Mentioning jasmine in perfume discussions often leads to an instant dialogue about a major substance in the flower named indole, for which the flower is often named indolic. This term is frequently used in tandem with less appealing descriptions such as "fecal." This prompts an intriguing question: Has the reputation of jasmine as the "king of flowers" in perfumery been unfairly tainted? This exploration delves into the complex perceptions of jasmine, particularly poignant when jasmine vines bloom profusely in the warmer seasons.
Indole, while commonly scapegoated for unpleasant odors, has a backstory rich with scientific intrigue. The term "indole" originated from a blend of "indigo" and "oleum," coined during the early isolation of the compound through the chemical treatment of indigo dye with oil, marking the birth of indole chemistry. Structurally, this substance is an aromatic heterocyclic organic compound with a benzene ring fused to a nitrogen-containing pyrrole ring. This structure forms the basis for compounds collectively known as "indoles."
Despite its reputation, the compound does not inherently smell of feces. The field of organic chemistry often adopts literal names for substances based on their scents, such as cadaverine (reminiscent of corpses), putrescine (decaying matter), skatole (from Greek meaning feces), and butyric acid (smelling of rancid butter). This naming convention raises questions about the lack of an appropriately descriptive moniker for the substance’s unique scent.
The reality is that pure indole, which is present in trace amounts in feces and also in white flowers like jasmine, gardenia, tuberose, and orange blossom, does not emit an irritating odor when isolated. Its scent is more musty and stale, akin to mothballs, suggesting decay but not directly fecal. When mixed with humidity and other musky compounds, however, it can intensify to evoke the ambiance of less pleasant places. Notably, indole is related to tryptophan, an amino acid that is a precursor to serotonin, highlighting its presence in various foods from dairy products to chocolate and oats, offering a unique perspective on everyday ingredients.

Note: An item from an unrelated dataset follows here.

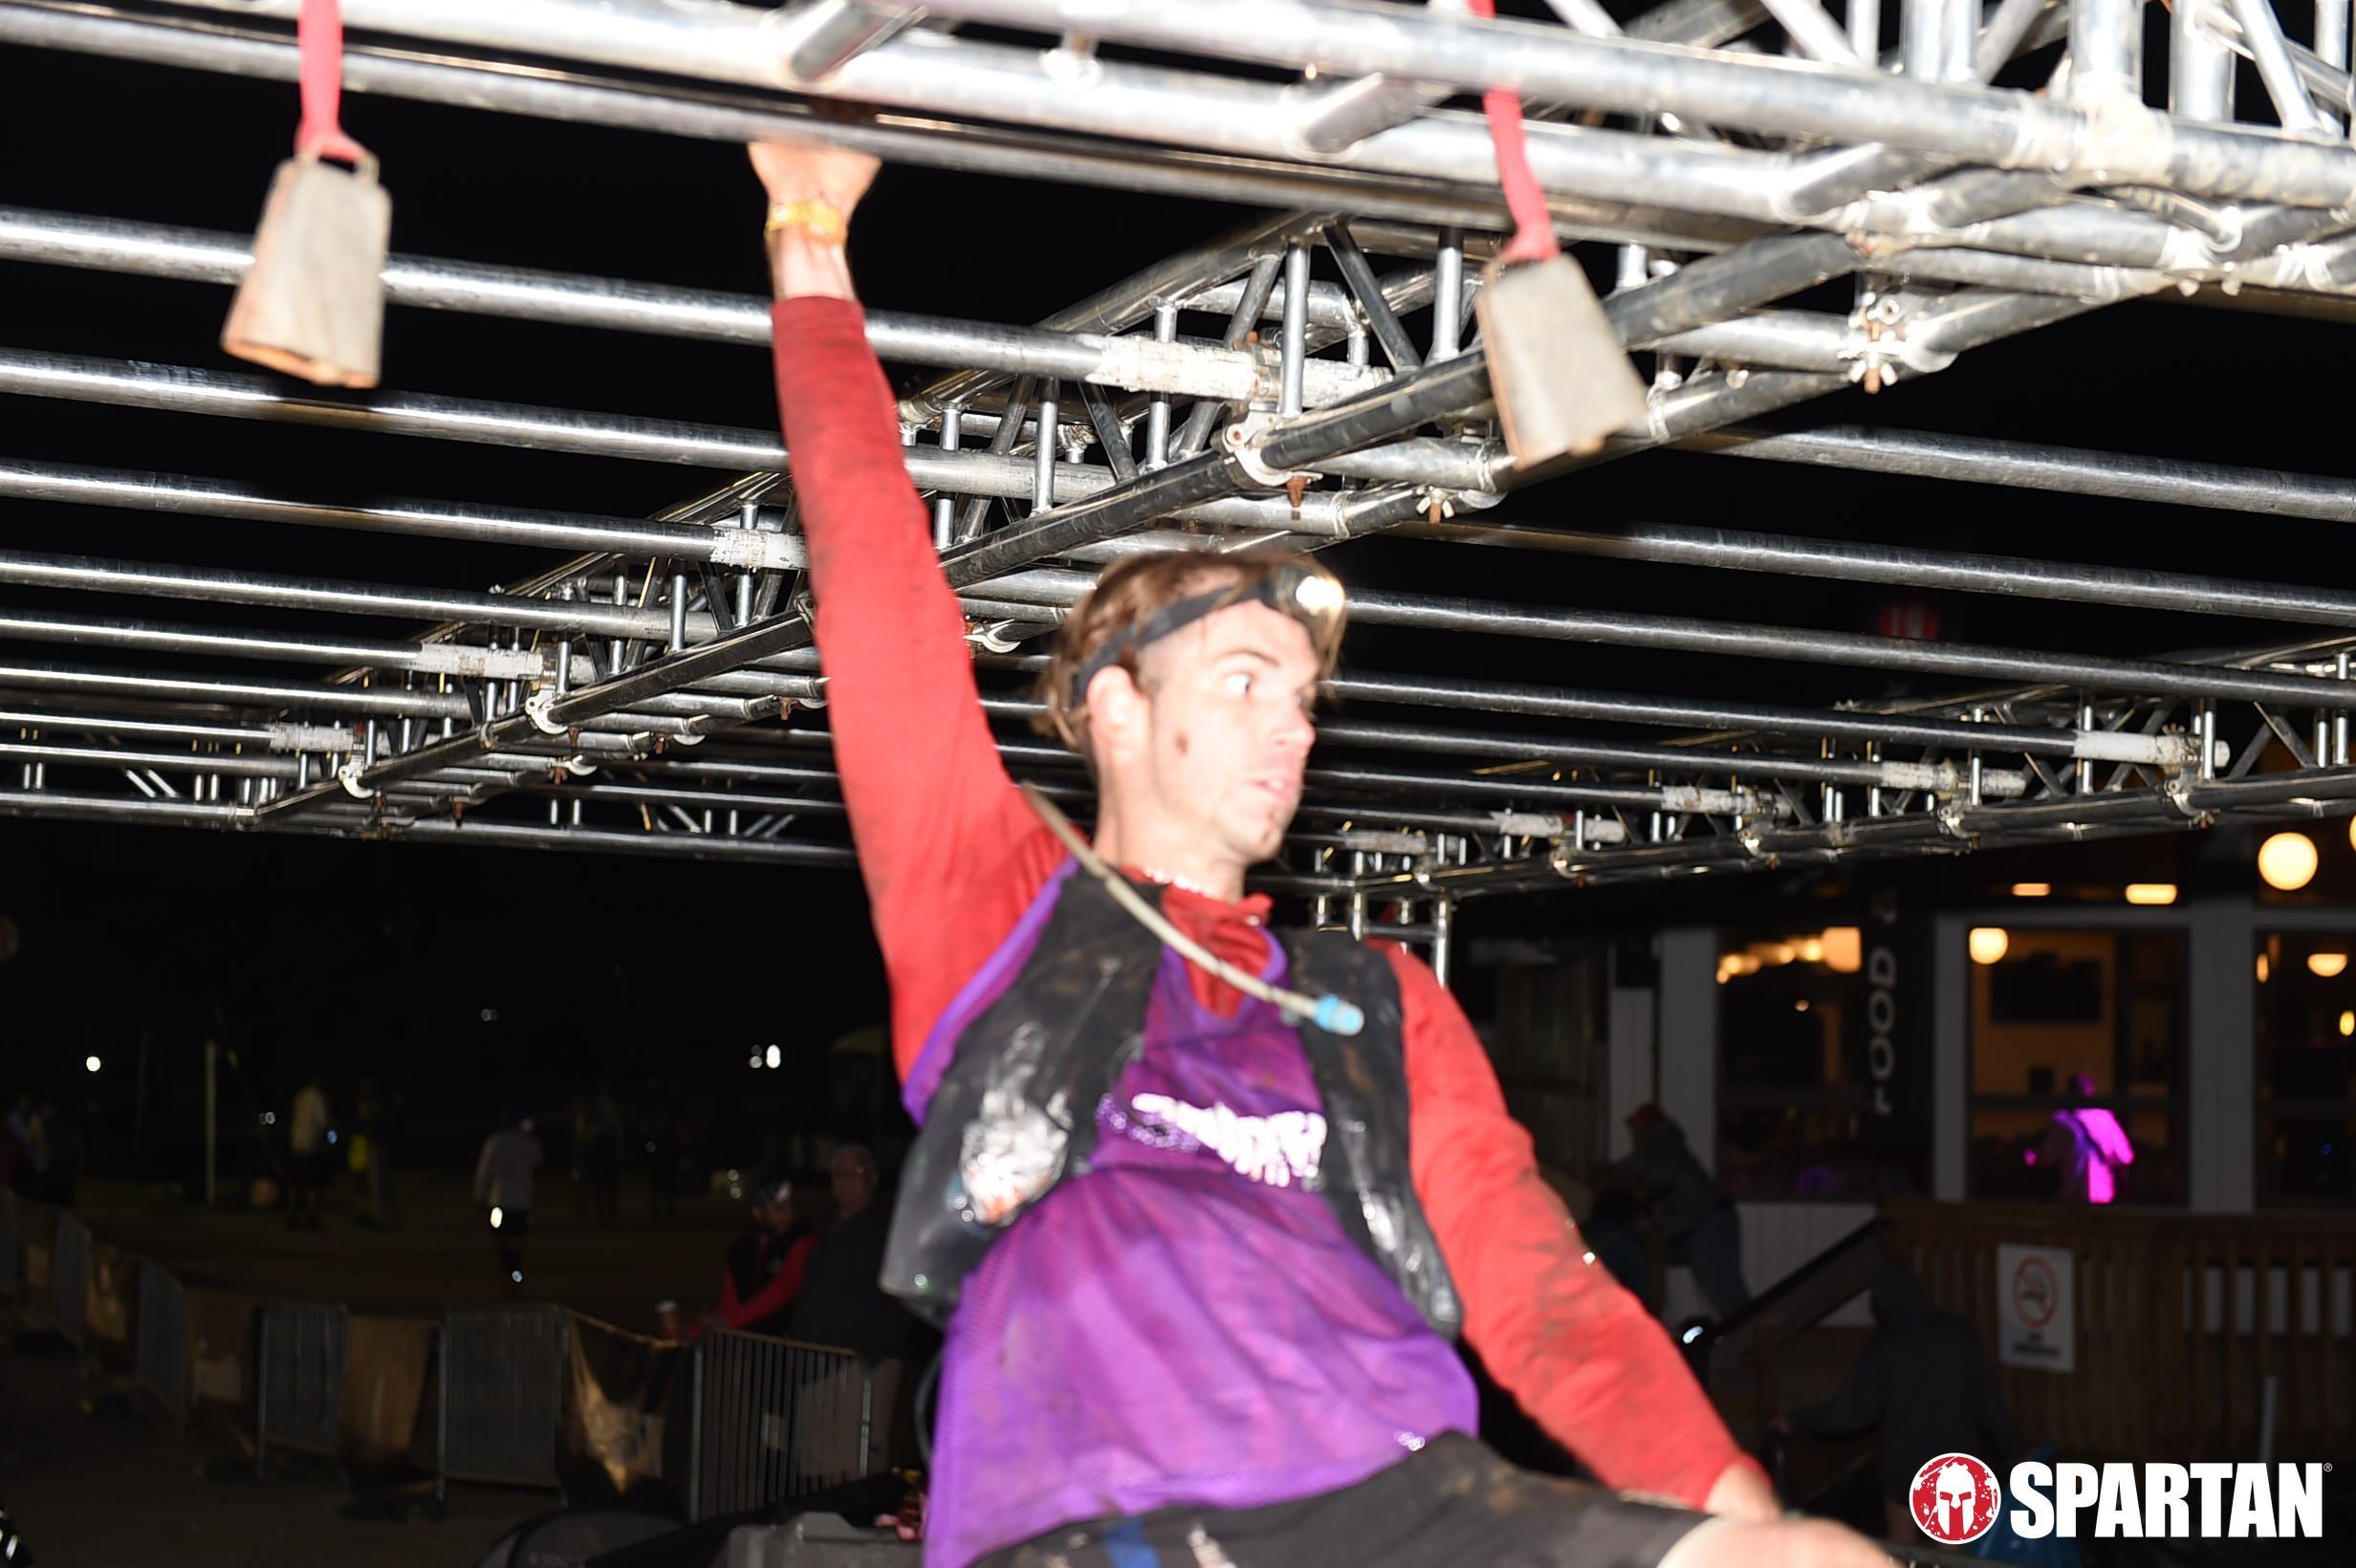 man with headlamp swings on monkey bars

When it comes to perfumery, the presence of an indolic scent does not definitively indicate the use of natural jasmine. Natural jasmine essence typically contains about 2.5% pure indole, lending it a rich, narcotic quality often perceived as "animalic" or "sexy." This effect, enhanced by other components like paracresol, can be experienced in perfumes such as Serge Lutens' A la Nuit or Montale Jasmine Full, which showcase the deep and intoxicating aspects of jasmine. Conversely, jasmine's indolic aspects can also be simulated using synthetic substitutes, making it economically feasible compared to the costly extraction of natural oils, which can drive prices up to $350 per ounce.

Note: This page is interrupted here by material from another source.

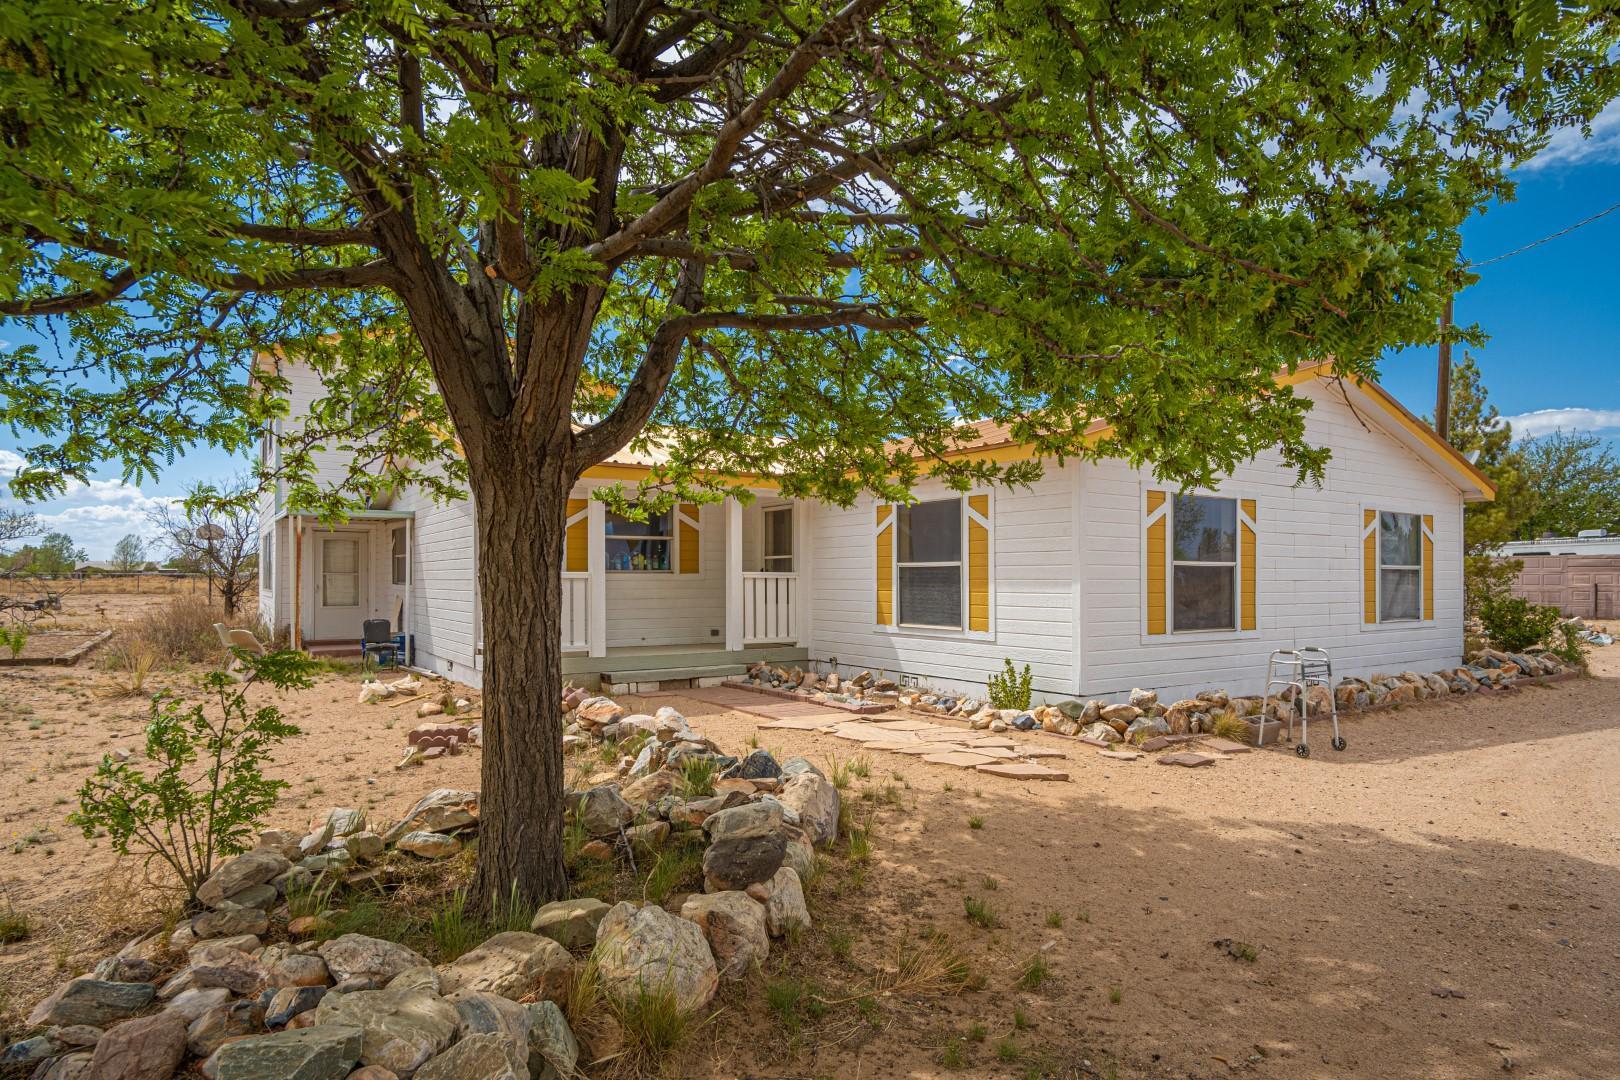 38 CAMPBELL Court, Los Lunas NM 87031

Despite this, not all jasmine fragrances are dominated by indolic notes. Some offer cleaner, subtler interpretations of jasmine, free from the heavier indolic presence. For those seeking to avoid any indolic character, perfumers have developed synthetic alternatives such as Hedione, which offers a fresher, slightly sweeter, greener jasmine scent. These are blended with compounds like benzyl acetate and linalool to create a jasmine aroma that is light, easy to wear, and does not conjure the less desirable aspects of nature.

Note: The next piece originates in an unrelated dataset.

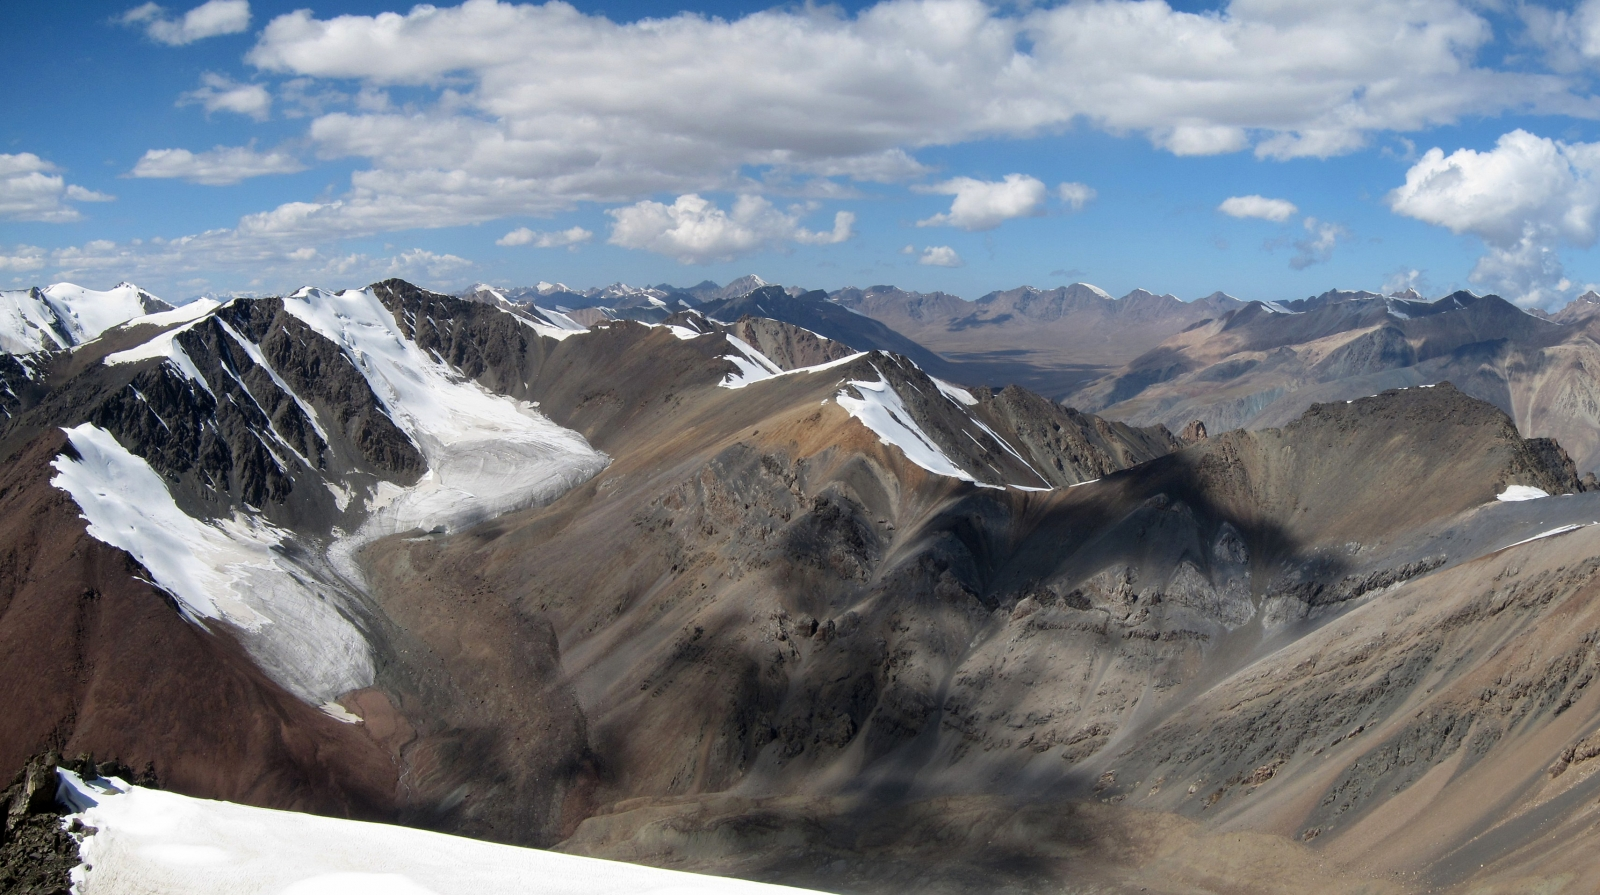 Tien Shan mountain range

In crafting fragrances, the choice often lies between embracing the full-bodied, complex character of indolic jasmine or opting for a lighter, clearer floral note. This spectrum of options demonstrates the versatility and artistic depth in perfumery, where even a single note like jasmine can span a range of olfactory experiences—from the deeply evocative to the purely delightful. Thus, the selection of jasmine's presentation in perfume is as varied and nuanced as the preferences of those who wear it.